Quella riga credo vada commentata, in modo da avere solo 192.168.1.8 come time server interrogabile nella lan.

Se non riesci a far sincronizzare il "master" con un server ntp esterno, secondo me dovresti cercare di sincronizzare gli "slave" con il "master". Almeno saranno tutti sbagliati uguale.  ;-)

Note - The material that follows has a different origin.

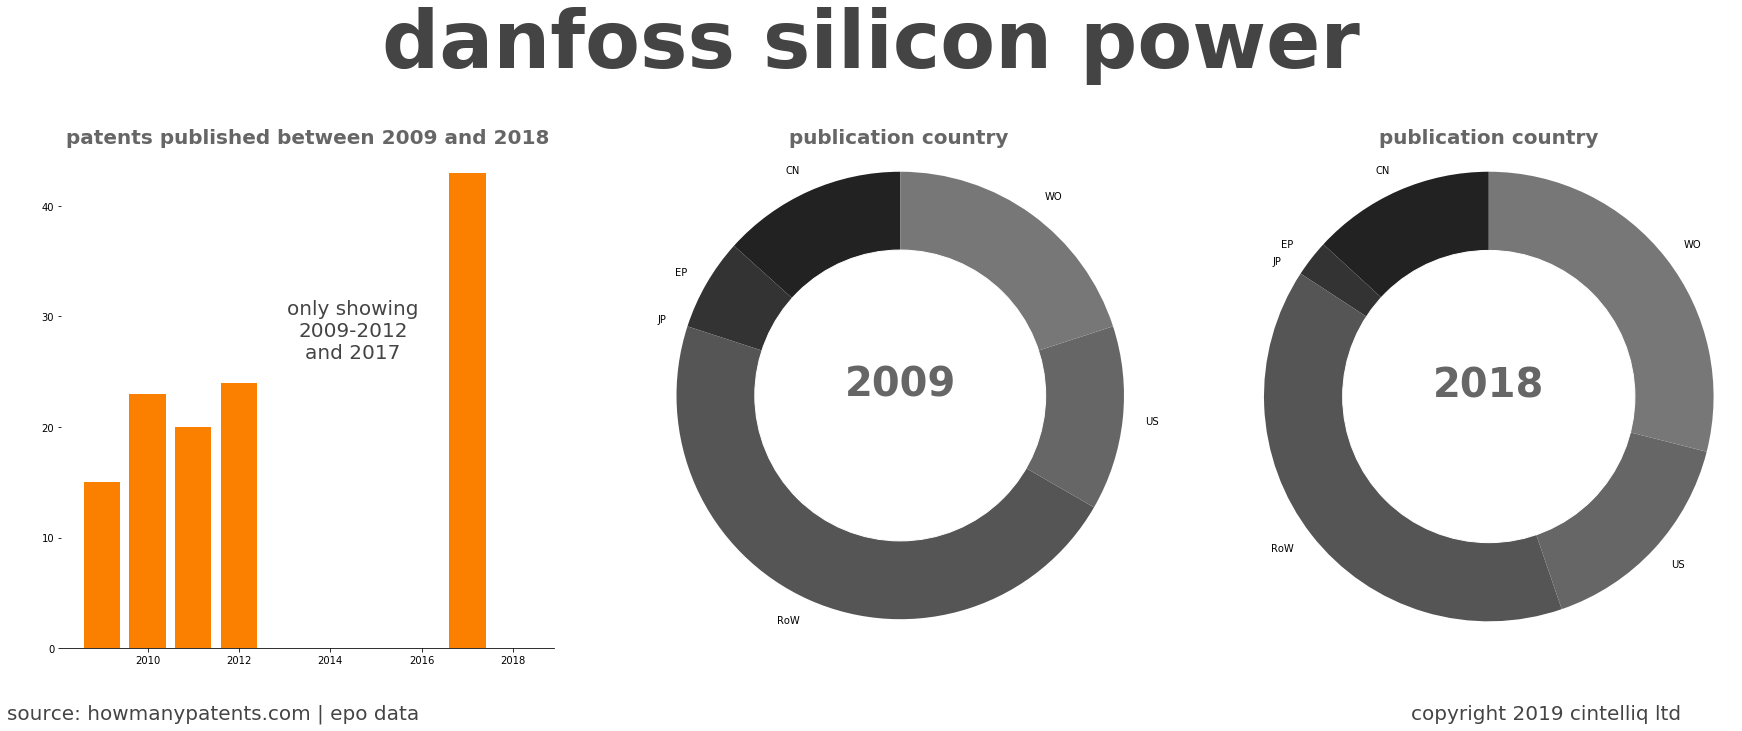 summary of patents for Danfoss Silicon Power

Prova a forzare la sincronizzazione di uno slave con il master con: ntpdate -b 192.168.1.8

 *pigreco wrote:*   

> 
> 
> possibile che influisca hardware o kernel senza che me ne renda conto?

 

Non credo. Anche nel wiki una errata configurazione del kernel non sembra impedire la possibilità di sincronizzarsi.

Ciao.

----------

## pigreco

si quella della sincronizzazione 'tutti sbagliati uguale' è probabile che sarà la fine della questione

se avrò novità le segnalerò

 grazie

----------

## eleaffar

 *pigreco wrote:*   

> si quella della sincronizzazione 'tutti sbagliati uguale' è probabile che sarà la fine della questione
> 
> se avrò novità le segnalerò
> 
>  grazie

 

Il server di da la data corretta ?

Se imposti manualmente la data sul server e fai partire ntp-client di da la data corretta ?

----------